──────── Exercise data

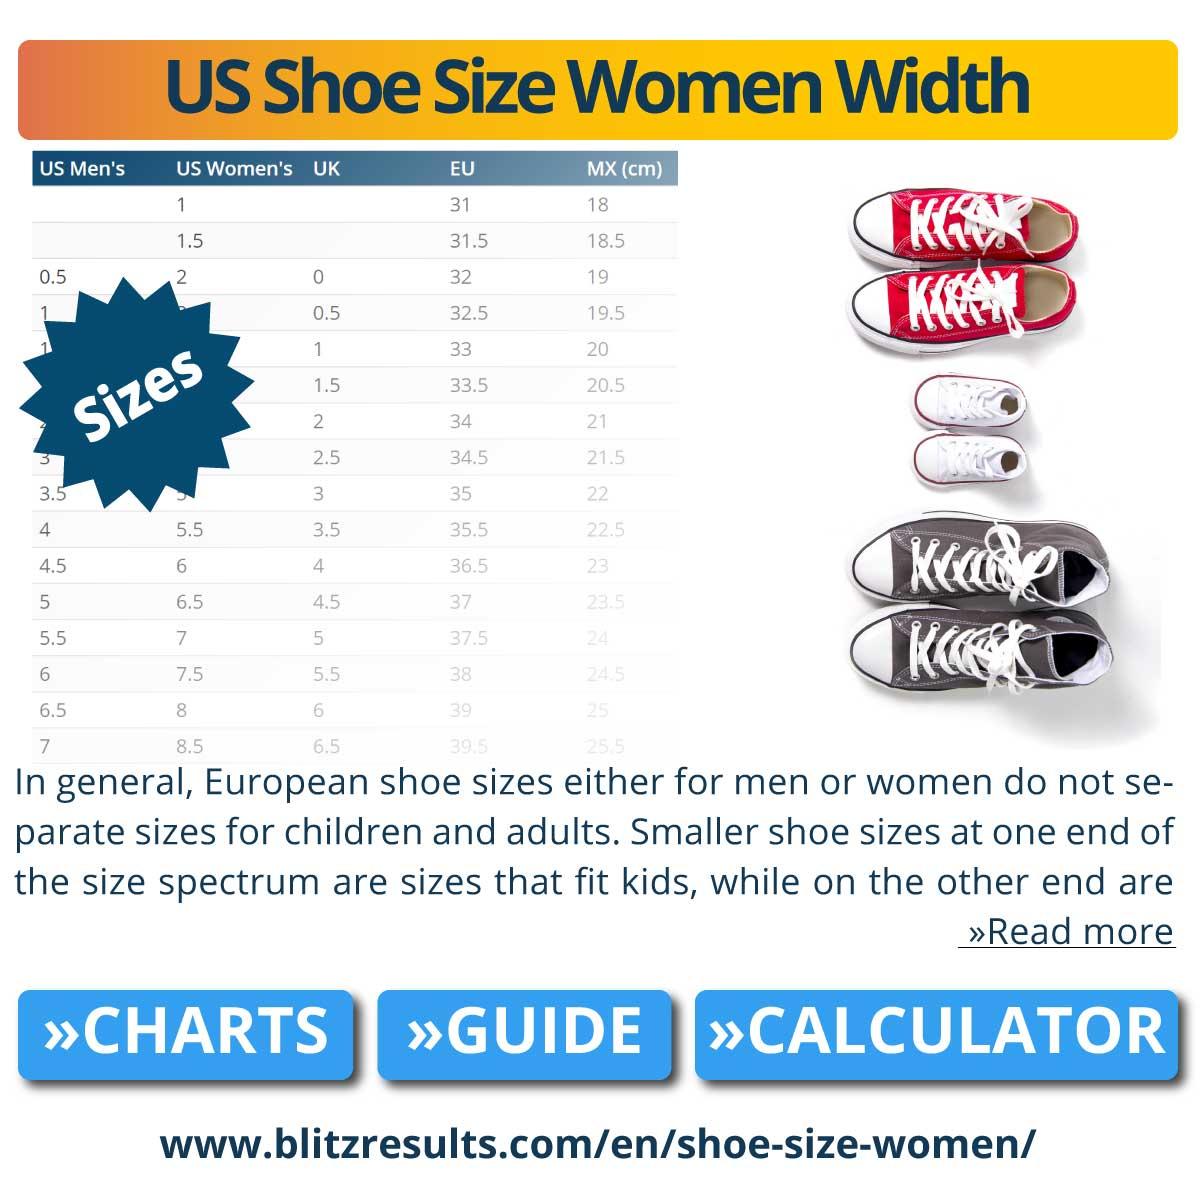 US Shoe Size Women Width
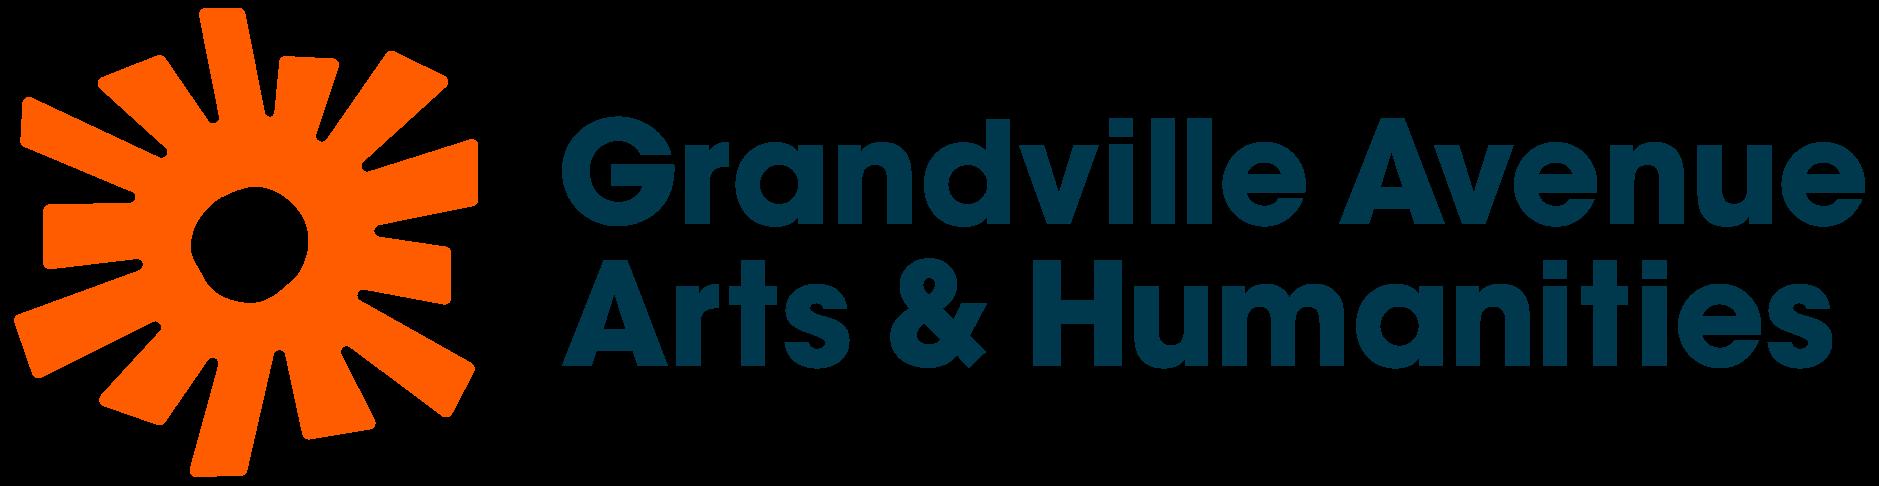 Grandville Avenue Arts & Humanities
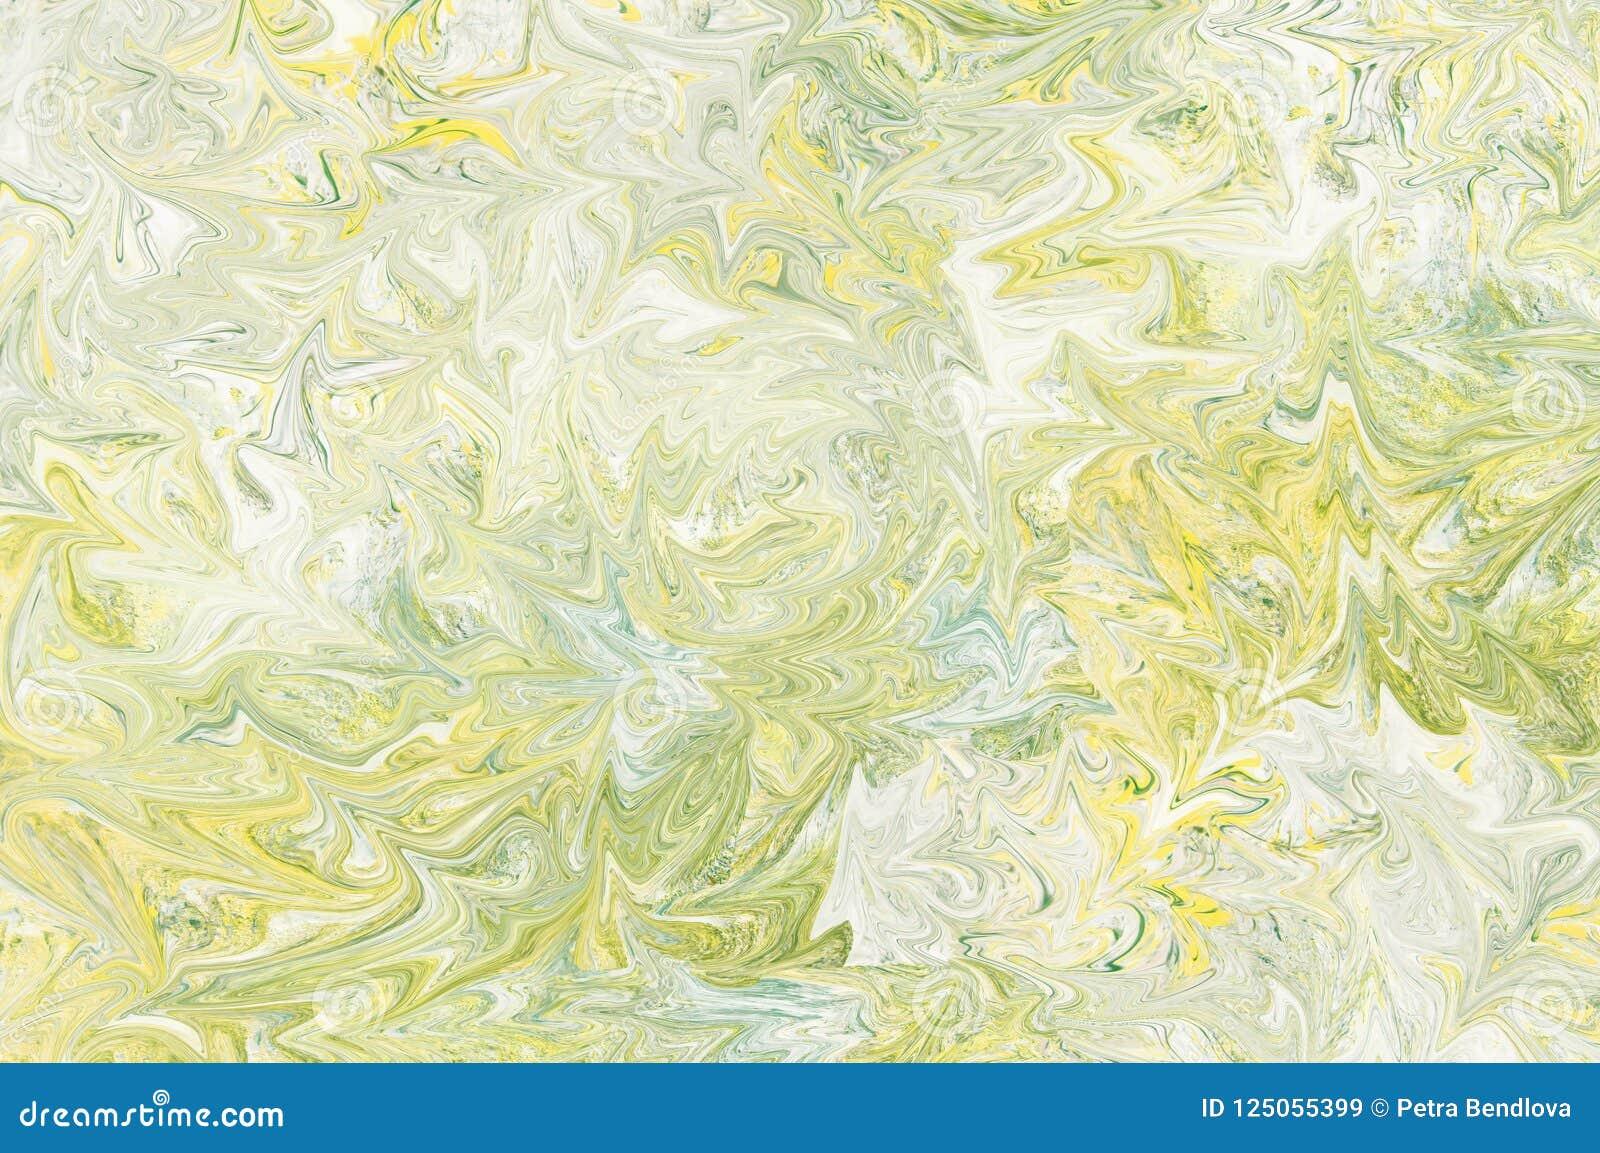 Fond Jaune Bleu Clair Et Vert Gris Dabrégé Sur Peinture Liquide

────────────────

**About this exercise**
Set down the material again exactly. Don't carry over any pictures.

**Task output**
 US Shoe Size Women Width
 Grandville Avenue Arts & Humanities
 Fond Jaune Bleu Clair Et Vert Gris Dabrégé Sur Peinture Liquide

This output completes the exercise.